## Work item
Your answer should be the entries, repeated exactly.

## Exercise materials
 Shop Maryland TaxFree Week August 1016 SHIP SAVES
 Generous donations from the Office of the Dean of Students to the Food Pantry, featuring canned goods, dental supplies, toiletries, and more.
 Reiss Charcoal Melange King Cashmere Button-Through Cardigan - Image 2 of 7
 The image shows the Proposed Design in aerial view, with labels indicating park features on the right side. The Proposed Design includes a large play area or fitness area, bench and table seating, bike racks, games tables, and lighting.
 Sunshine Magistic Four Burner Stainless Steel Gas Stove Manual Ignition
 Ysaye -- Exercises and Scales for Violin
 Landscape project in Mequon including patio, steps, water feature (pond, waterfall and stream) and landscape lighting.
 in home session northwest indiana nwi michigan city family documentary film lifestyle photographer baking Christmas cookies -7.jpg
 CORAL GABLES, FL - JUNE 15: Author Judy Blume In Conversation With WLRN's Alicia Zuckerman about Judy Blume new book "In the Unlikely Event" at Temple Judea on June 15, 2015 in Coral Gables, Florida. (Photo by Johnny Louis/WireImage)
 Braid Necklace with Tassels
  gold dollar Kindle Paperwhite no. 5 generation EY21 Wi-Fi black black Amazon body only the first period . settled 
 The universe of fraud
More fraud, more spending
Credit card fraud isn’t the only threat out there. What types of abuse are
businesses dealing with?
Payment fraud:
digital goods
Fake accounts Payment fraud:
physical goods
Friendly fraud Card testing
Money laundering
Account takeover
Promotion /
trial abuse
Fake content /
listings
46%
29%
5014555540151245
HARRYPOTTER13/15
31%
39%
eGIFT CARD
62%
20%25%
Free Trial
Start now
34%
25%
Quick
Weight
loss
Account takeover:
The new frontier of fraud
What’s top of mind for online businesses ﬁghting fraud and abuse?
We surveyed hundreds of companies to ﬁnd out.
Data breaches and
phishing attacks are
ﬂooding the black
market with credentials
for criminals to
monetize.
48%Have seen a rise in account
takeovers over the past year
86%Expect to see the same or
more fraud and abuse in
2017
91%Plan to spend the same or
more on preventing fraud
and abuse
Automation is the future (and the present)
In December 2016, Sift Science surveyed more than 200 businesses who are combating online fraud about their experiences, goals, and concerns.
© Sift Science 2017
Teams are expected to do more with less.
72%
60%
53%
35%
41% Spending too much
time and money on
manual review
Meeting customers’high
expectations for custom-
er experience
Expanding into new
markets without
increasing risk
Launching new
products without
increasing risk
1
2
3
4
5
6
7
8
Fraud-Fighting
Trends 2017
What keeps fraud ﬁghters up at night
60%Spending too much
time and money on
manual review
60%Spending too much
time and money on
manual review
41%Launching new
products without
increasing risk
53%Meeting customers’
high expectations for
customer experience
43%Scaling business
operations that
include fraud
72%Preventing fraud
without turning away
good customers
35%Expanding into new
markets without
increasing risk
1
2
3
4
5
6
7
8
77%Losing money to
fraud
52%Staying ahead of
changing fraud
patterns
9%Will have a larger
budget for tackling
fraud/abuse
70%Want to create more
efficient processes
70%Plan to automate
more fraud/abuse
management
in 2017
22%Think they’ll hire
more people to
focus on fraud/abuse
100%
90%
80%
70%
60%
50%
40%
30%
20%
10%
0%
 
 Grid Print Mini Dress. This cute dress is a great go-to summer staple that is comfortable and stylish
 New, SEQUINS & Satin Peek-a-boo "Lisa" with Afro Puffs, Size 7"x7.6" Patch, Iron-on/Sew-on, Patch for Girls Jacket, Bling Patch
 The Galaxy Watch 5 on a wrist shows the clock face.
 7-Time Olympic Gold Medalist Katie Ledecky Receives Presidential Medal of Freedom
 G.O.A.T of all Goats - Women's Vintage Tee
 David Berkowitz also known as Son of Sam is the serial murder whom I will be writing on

## Answer space
 Shop Maryland TaxFree Week August 1016 SHIP SAVES
 Generous donations from the Office of the Dean of Students to the Food Pantry, featuring canned goods, dental supplies, toiletries, and more.
 Reiss Charcoal Melange King Cashmere Button-Through Cardigan - Image 2 of 7
 The image shows the Proposed Design in aerial view, with labels indicating park features on the right side. The Proposed Design includes a large play area or fitness area, bench and table seating, bike racks, games tables, and lighting.
 Sunshine Magistic Four Burner Stainless Steel Gas Stove Manual Ignition
 Ysaye -- Exercises and Scales for Violin
 Landscape project in Mequon including patio, steps, water feature (pond, waterfall and stream) and landscape lighting.
 in home session northwest indiana nwi michigan city family documentary film lifestyle photographer baking Christmas cookies -7.jpg
 CORAL GABLES, FL - JUNE 15: Author Judy Blume In Conversation With WLRN's Alicia Zuckerman about Judy Blume new book "In the Unlikely Event" at Temple Judea on June 15, 2015 in Coral Gables, Florida. (Photo by Johnny Louis/WireImage)
 Braid Necklace with Tassels
  gold dollar Kindle Paperwhite no. 5 generation EY21 Wi-Fi black black Amazon body only the first period . settled 
 The universe of fraud
More fraud, more spending
Credit card fraud isn’t the only threat out there. What types of abuse are
businesses dealing with?
Payment fraud:
digital goods
Fake accounts Payment fraud:
physical goods
Friendly fraud Card testing
Money laundering
Account takeover
Promotion /
trial abuse
Fake content /
listings
46%
29%
5014555540151245
HARRYPOTTER13/15
31%
39%
eGIFT CARD
62%
20%25%
Free Trial
Start now
34%
25%
Quick
Weight
loss
Account takeover:
The new frontier of fraud
What’s top of mind for online businesses ﬁghting fraud and abuse?
We surveyed hundreds of companies to ﬁnd out.
Data breaches and
phishing attacks are
ﬂooding the black
market with credentials
for criminals to
monetize.
48%Have seen a rise in account
takeovers over the past year
86%Expect to see the same or
more fraud and abuse in
2017
91%Plan to spend the same or
more on preventing fraud
and abuse
Automation is the future (and the present)
In December 2016, Sift Science surveyed more than 200 businesses who are combating online fraud about their experiences, goals, and concerns.
© Sift Science 2017
Teams are expected to do more with less.
72%
60%
53%
35%
41% Spending too much
time and money on
manual review
Meeting customers’high
expectations for custom-
er experience
Expanding into new
markets without
increasing risk
Launching new
products without
increasing risk
1
2
3
4
5
6
7
8
Fraud-Fighting
Trends 2017
What keeps fraud ﬁghters up at night
60%Spending too much
time and money on
manual review
60%Spending too much
time and money on
manual review
41%Launching new
products without
increasing risk
53%Meeting customers’
high expectations for
customer experience
43%Scaling business
operations that
include fraud
72%Preventing fraud
without turning away
good customers
35%Expanding into new
markets without
increasing risk
1
2
3
4
5
6
7
8
77%Losing money to
fraud
52%Staying ahead of
changing fraud
patterns
9%Will have a larger
budget for tackling
fraud/abuse
70%Want to create more
efficient processes
70%Plan to automate
more fraud/abuse
management
in 2017
22%Think they’ll hire
more people to
focus on fraud/abuse
100%
90%
80%
70%
60%
50%
40%
30%
20%
10%
0%
 
 Grid Print Mini Dress. This cute dress is a great go-to summer staple that is comfortable and stylish
 New, SEQUINS & Satin Peek-a-boo "Lisa" with Afro Puffs, Size 7"x7.6" Patch, Iron-on/Sew-on, Patch for Girls Jacket, Bling Patch
 The Galaxy Watch 5 on a wrist shows the clock face.
 7-Time Olympic Gold Medalist Katie Ledecky Receives Presidential Medal of Freedom
 G.O.A.T of all Goats - Women's Vintage Tee
 David Berkowitz also known as Son of Sam is the serial murder whom I will be writing on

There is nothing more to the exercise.